## Your objective
Any picture must be dropped, but each line of the data should be duplicated exactly.

## Data section
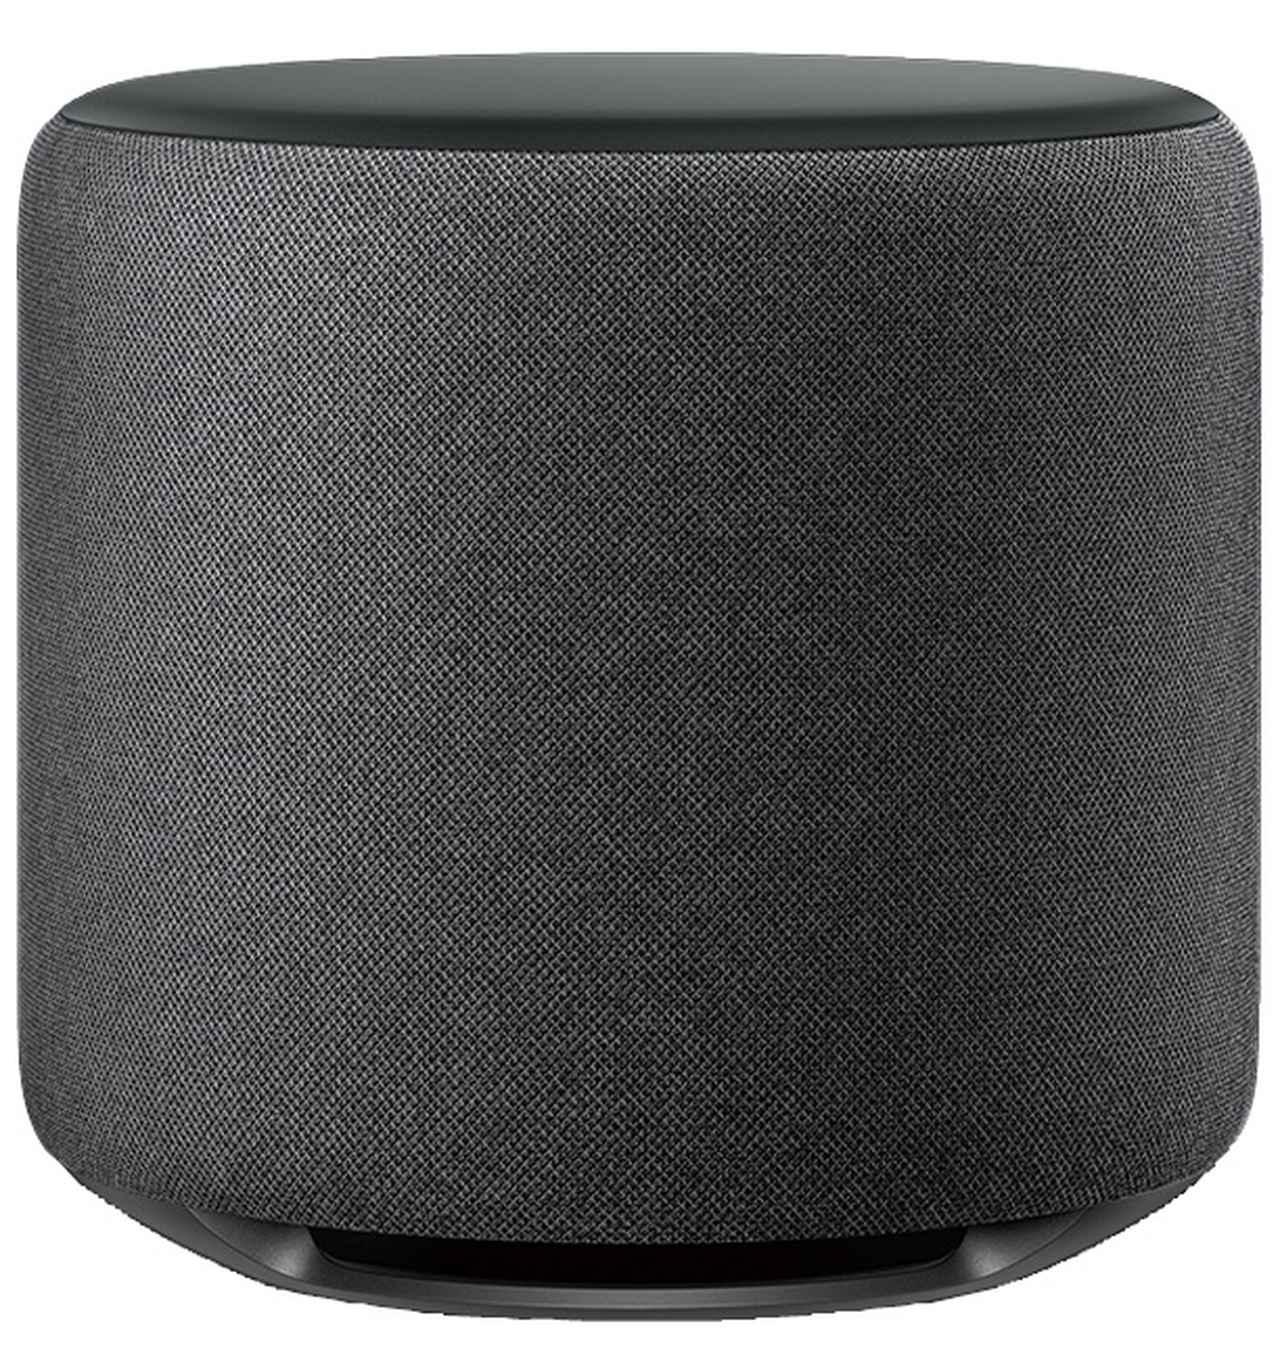 画像: Echo Plusはデザインを一新。Echo Dotはコンパクトさはそのままに音質を向上。Echo PlusおよびEchoと連係して低音を強化するEcho Subも新登場。
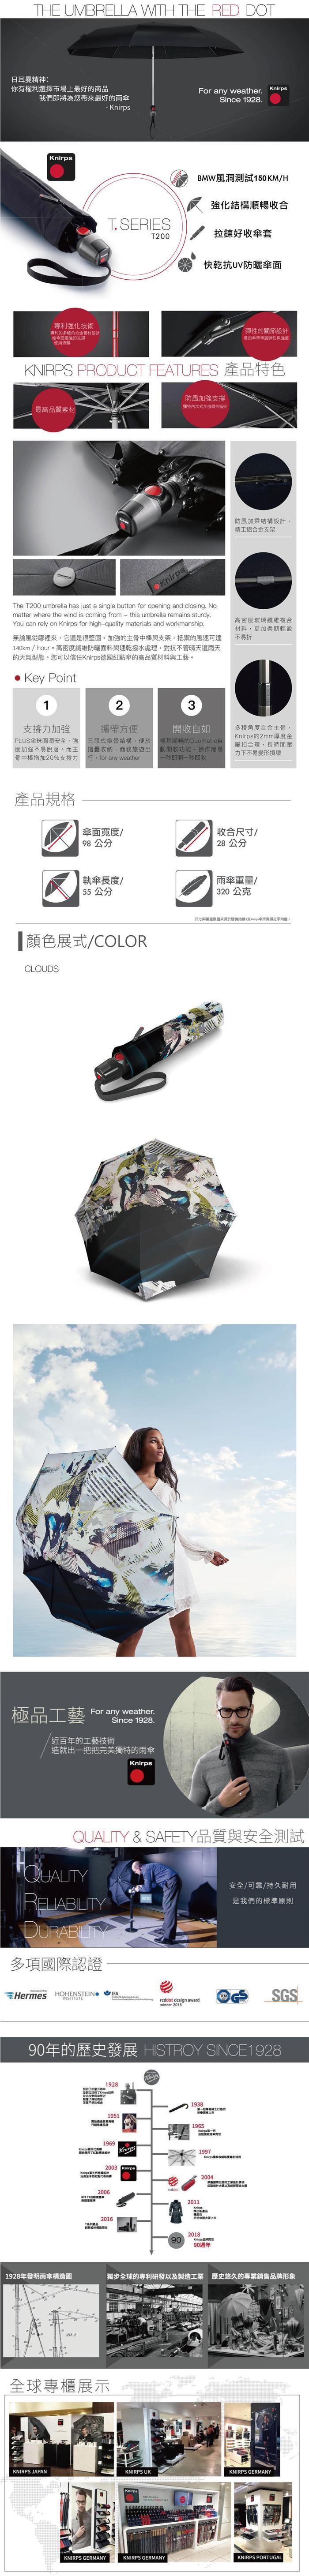 (複製)Knirps德國紅點傘|T.200 自動開收傘- Perfection stone
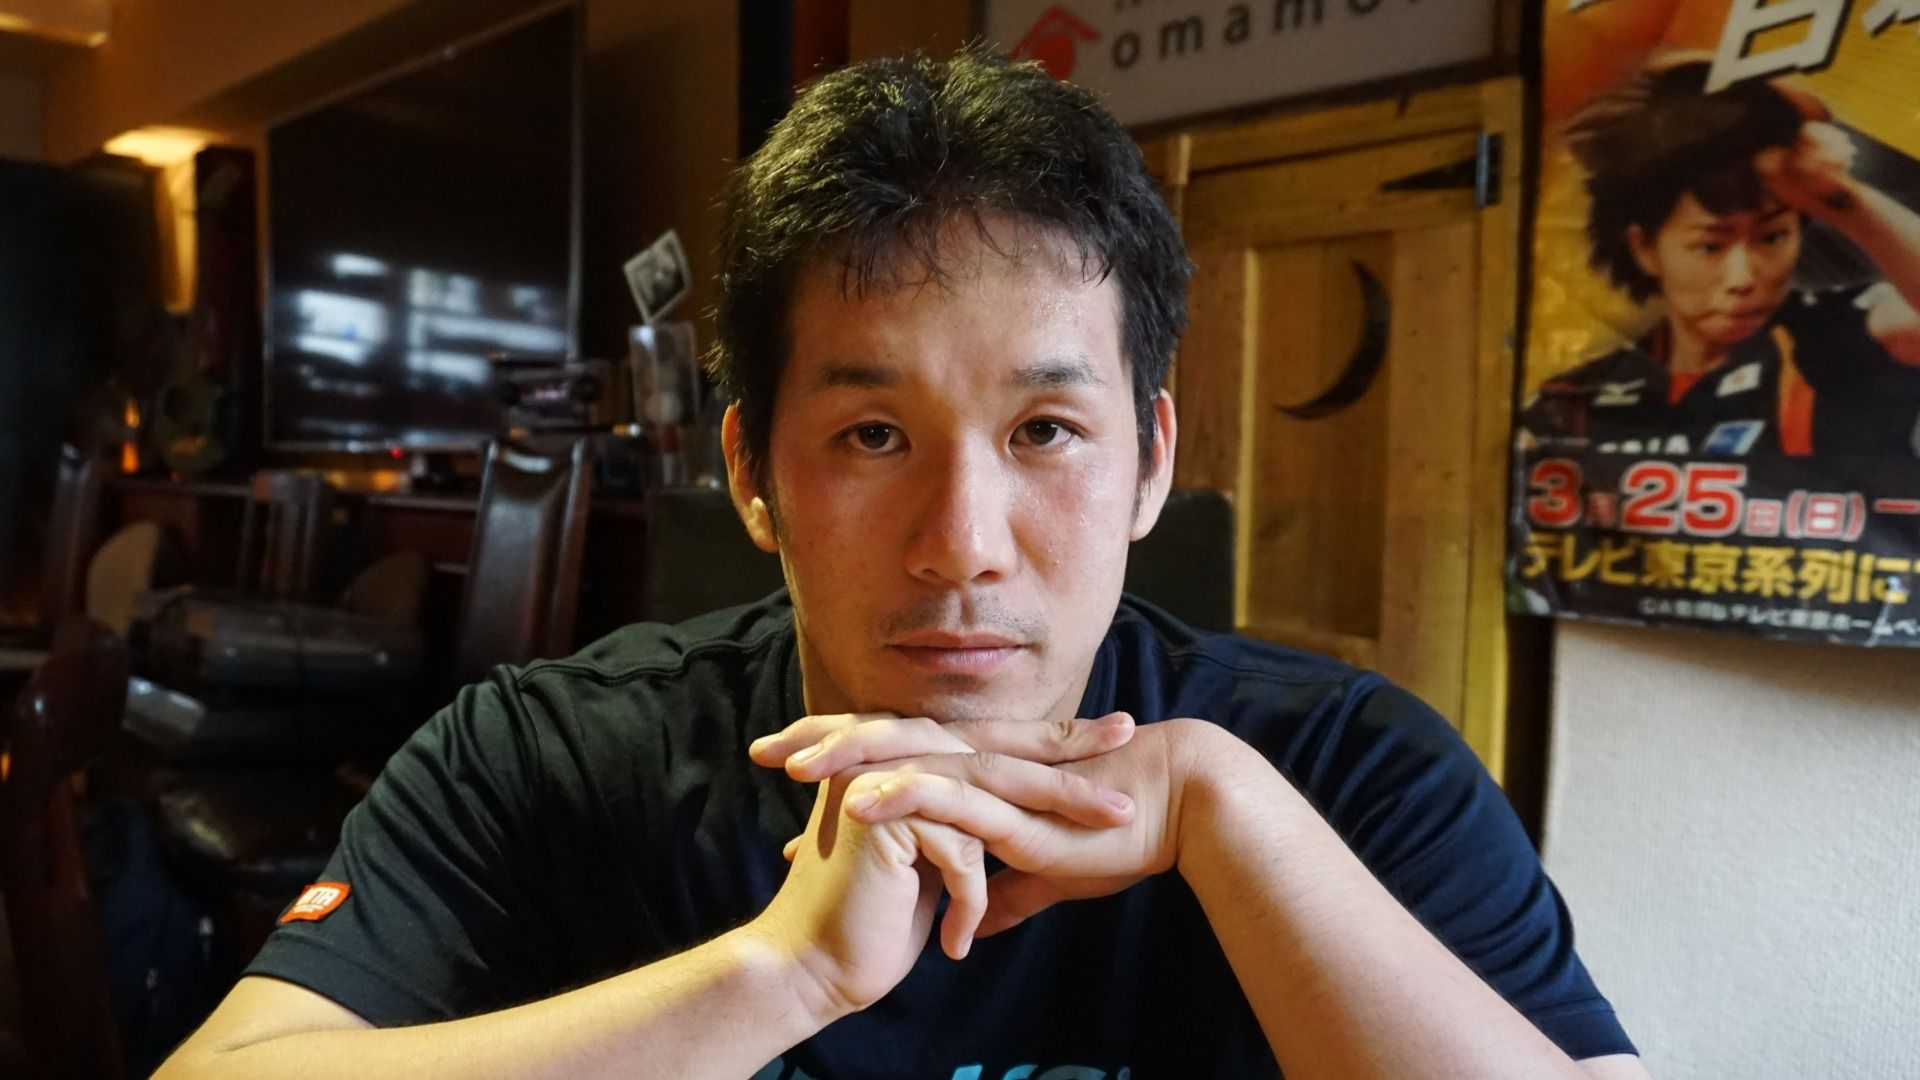 ある卓球ストーカーの全日本 弁護士への道も公務員の職も捨てて・・・(伊藤条太) - 個人 - Yahoo!ニュース

## Solution to this task
 画像: Echo Plusはデザインを一新。Echo Dotはコンパクトさはそのままに音質を向上。Echo PlusおよびEchoと連係して低音を強化するEcho Subも新登場。
 (複製)Knirps德國紅點傘|T.200 自動開收傘- Perfection stone
 ある卓球ストーカーの全日本 弁護士への道も公務員の職も捨てて・・・(伊藤条太) - 個人 - Yahoo!ニュース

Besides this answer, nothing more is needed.